Bedenk dat de gebieden van de ruimte vol zijn met ontelbare hiërarchieën, bestaand of opgebouwd uit evoluerende, groeiende wezens, d.w.z. uit lerende entiteiten, vanaf wat wij mensen in onze blindheid het ‘hoogste’ noemen – want er is geen ‘hoogste’, al moeten we een naam geven aan het verhevenste dat we ons kunnen voorstellen – naar omlaag, via ontelbare stadia, of gebieden of sferen van wezens in de zichtbare en onzichtbare werelden, tot eindeloos ver onder de mens.
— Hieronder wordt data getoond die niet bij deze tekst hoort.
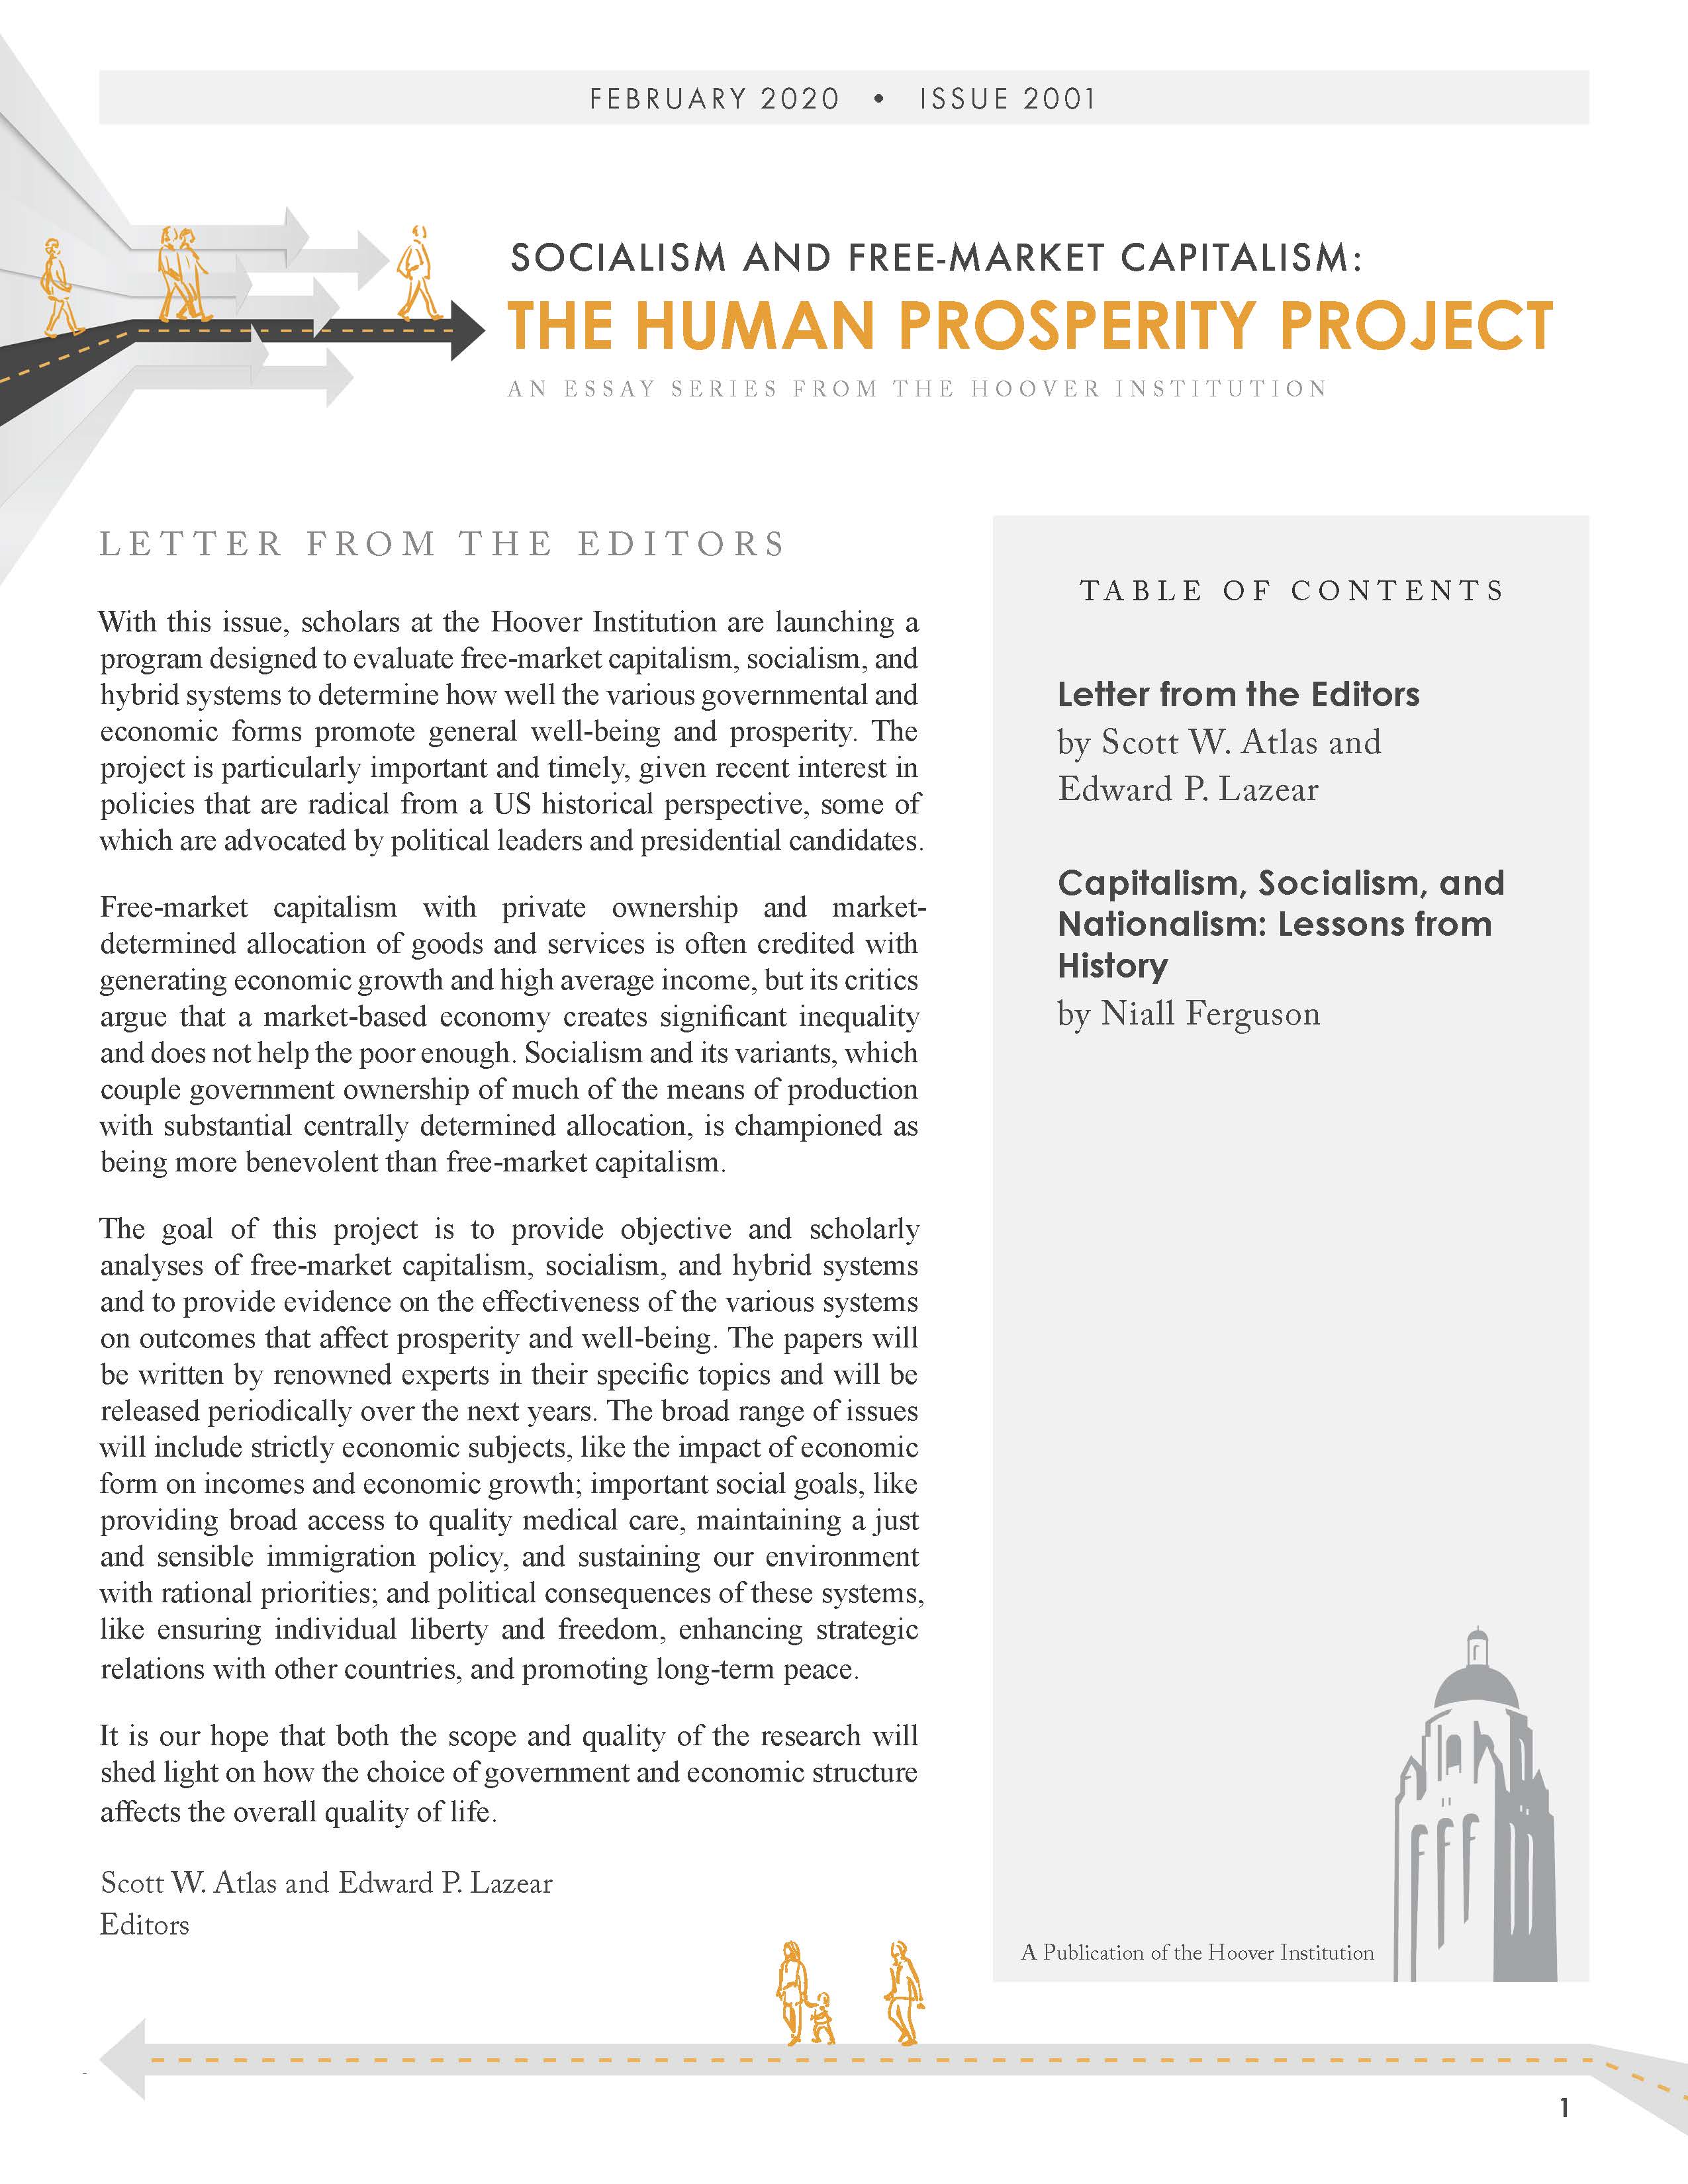 prosperityproject_niallferguson_page_01.jpg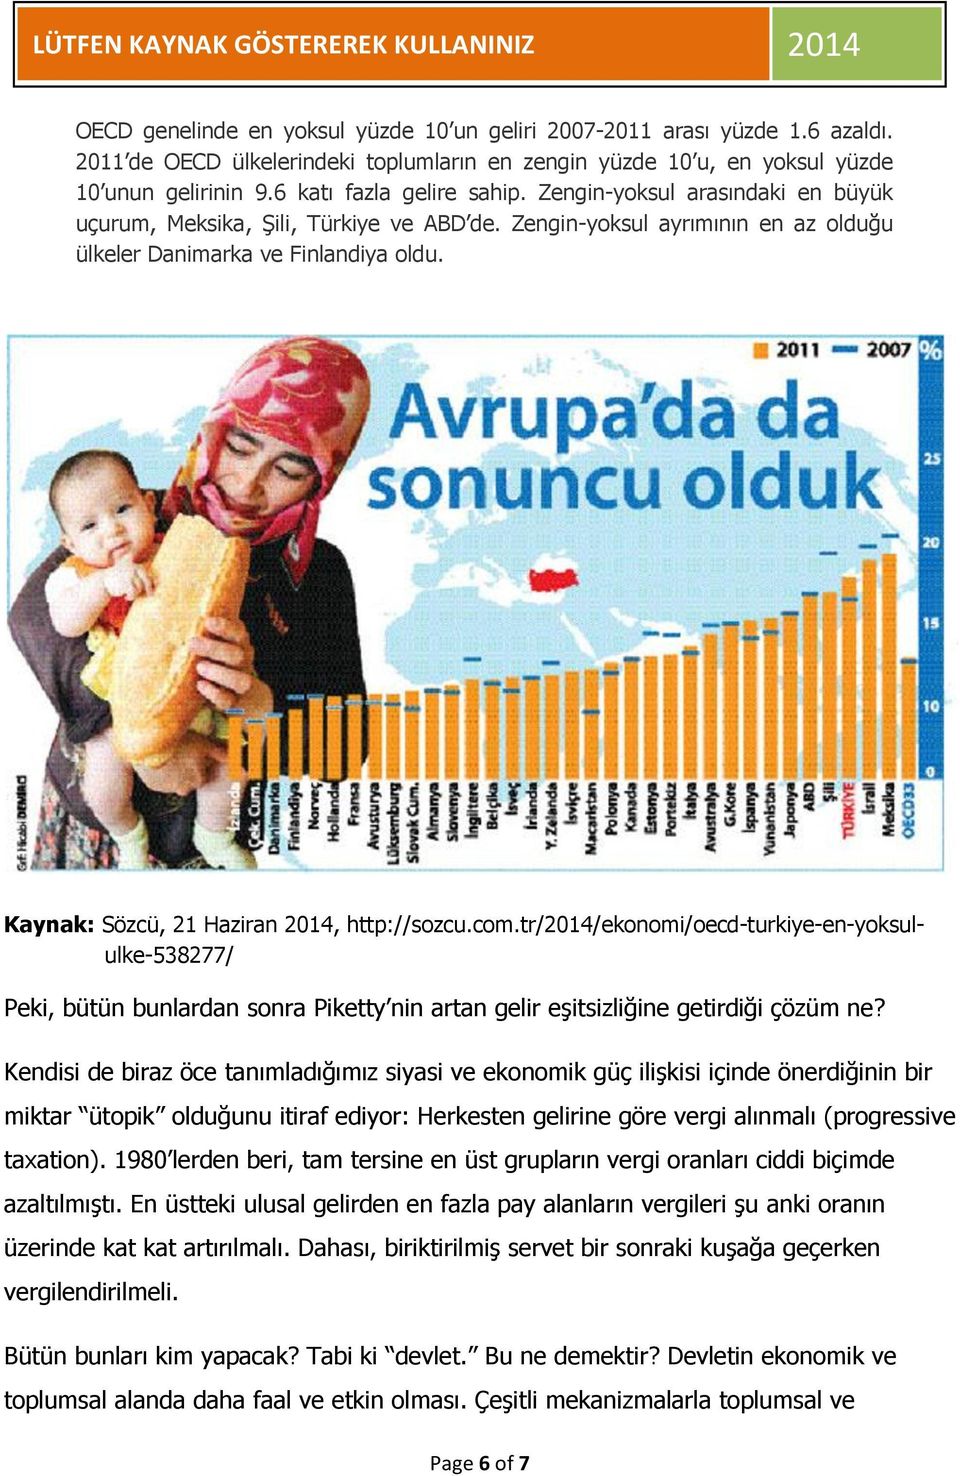 Kaynak: Sözcü, 21 Haziran 2014, http://sozcu.com.tr/2014/ekonomi/oecd-turkiye-en-yoksululke-538277/ Peki, bütün bunlardan sonra Piketty nin artan gelir eşitsizliğine getirdiği çözüm ne?

Het heelal is vol goden en wezens die hoger zijn, omdat ze edeler dan goden zijn; en wij mensen zijn slechts één familie, één kleine hiërarchie, verenigd in de organische levenssfeer of het wezen van wat wij het heelal noemen; en dit heelal is op zijn beurt bij wijze van spreken slechts één kosmische cel in de organische levenssfeer of het wezen van het grenzeloze. Elke hiërarchie in de ruimte bevindt zich binnen de omringende en beperkende begrenzing van een grotere en verhevener hiërarchie; en deze grotere en verhevener hiërarchie is op haar beurt opgenomen in of wordt omvat door een nog verhevener dan deze, enzovoort, eeuwig in een opgaande lijn.